America, and the fact is thus accounted for in a recent lecture by Prof. Asa Gray:—

“I conceive that three things have conspired to this loss. First, Europe, hardly extending south of latitude 40°, is all within the limits generally assigned to severe glacial action. Second, its mountains trend east and west, from the Pyrenees to the Carpathians and the Caucasus beyond, near its southern border; and they had glaciers of their own, which must have begun their operations, and poured down the northward flanks, while the plains were still covered with forest, on the retreat from the great ice-wave coming from the north. Attacked both on front and rear, much of the forest must have perished then and there. Third, across the line of retreat of those which may have flanked the mountain-ranges, or were stationed south of them, stretched the Mediterranean, an impassable barrier. Some hardy trees may have eked out their existence on the northern shore of the Mediterranean and the Atlantic coast. But we doubt not, Taxodium and Sequoias, Magnolias and Liquidambars, and even Hickories and the like, were among the missing. Escape by the east, and rehabilitation from that quarter until a very late period, were apparently prevented by the prolongation of the Mediterranean to the Caspian, and thence to the Siberian ocean. If we accept the supposition of Nordenskiöld, that, anterior to the Glacial period, Europe was ‘bounded on the south by an ocean extending from the Atlantic over the present deserts of Sahara and Central Asia to the Pacific,’ all chance of these American types having escaped from or re-entered Europe from the south and east is excluded. Europe may thus be conceived to have been for a time somewhat in the condition in which Greenland is now, and indeed to have been connected with Greenland in this or in earlier times.[78] Such a junction, cutting off access of the Gulf Stream to the Polar Sea, would, as some think, other things remaining as they are, almost of itself give glaciation to Europe. Greenland may be referred to, by way of comparison, as a country which, having undergone extreme glaciation, bears the marks of it in the extreme poverty of its flora, and in the absence of the plants to which its southern portion, extending six degrees below the Arctic Circle, might be entitled. It ought to have trees, and might support them. But since destruction by glaciation no way has been opened for their return. Europe fared much better, but suffered in its degree in a similar way.

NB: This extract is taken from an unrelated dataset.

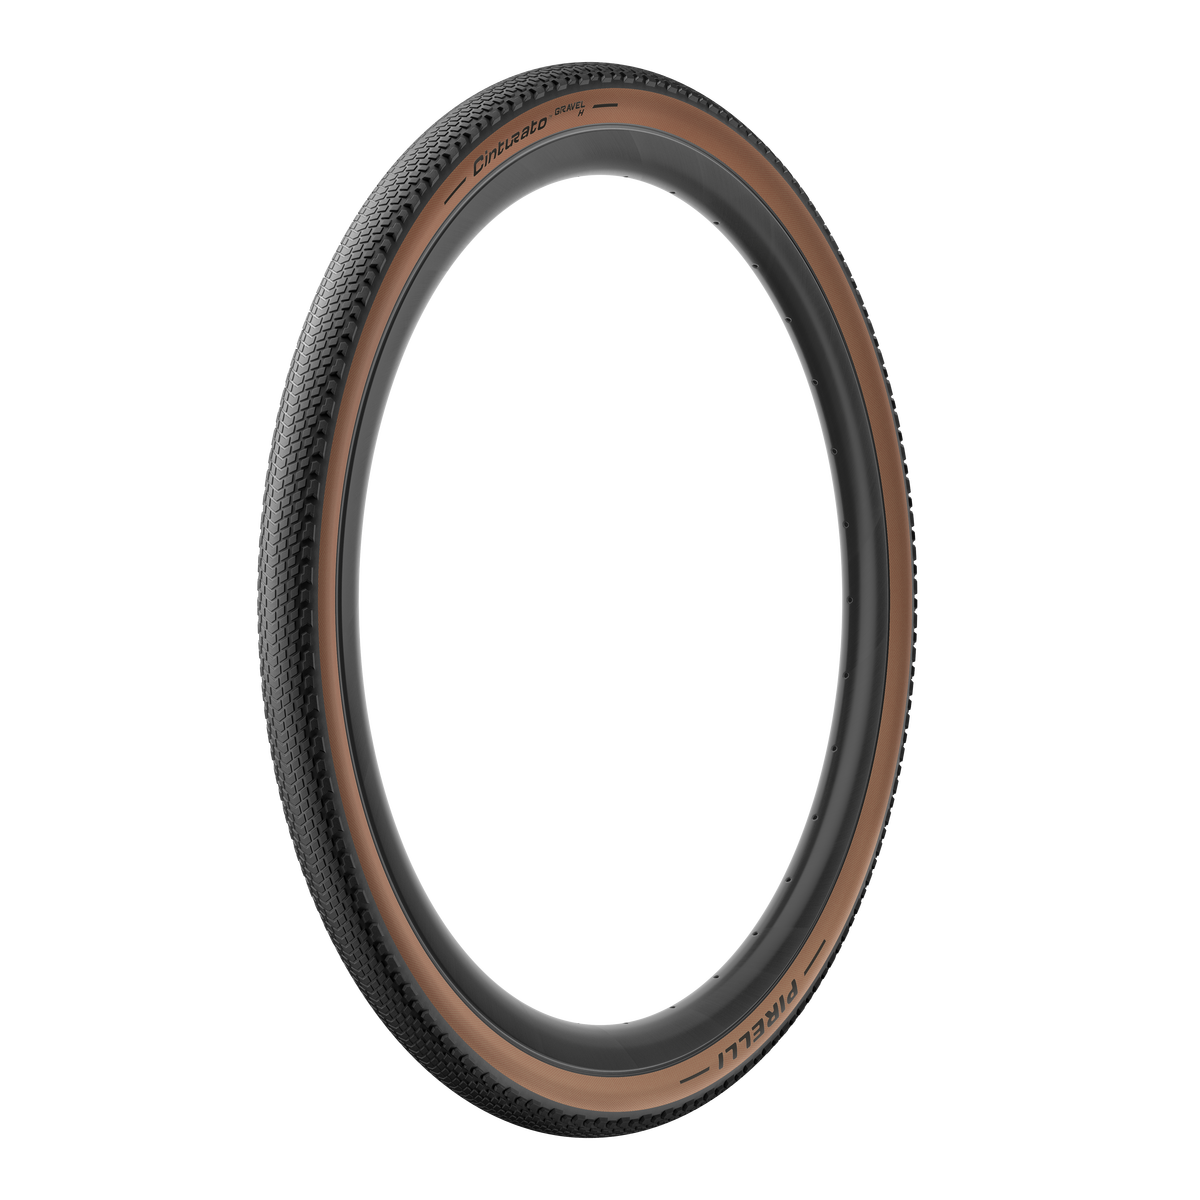 Plášť Pirelli Cinturato™ GRAVEL H Classic 35-622

“Turning for a moment to the American continent for a contrast, we find the land unbroken and open down to the tropic, and the mountains running north and south. The trees, when touched on the north by the on-coming refrigeration, had only to move their southern border southward, along an open way, as far as the exigency required; and there was no impediment to their due return. Then the more southern latitude of the United States gave great advantage over Europe. On the Atlantic border, proper glaciation was felt only in the northern part, down to about latitude 40°. In the interior of the country, owing doubtless to greater dryness and summer heat, the limit receded greatly northward in the Mississippi Valley, and gave only local glaciers to the Rocky Mountains; and no volcanic outbreaks or violent changes of any kind have here occurred since the types of our present vegetation came to the land. So our lines have been cast in pleasant places, and the goodly heritage of forest-trees is one of the consequences.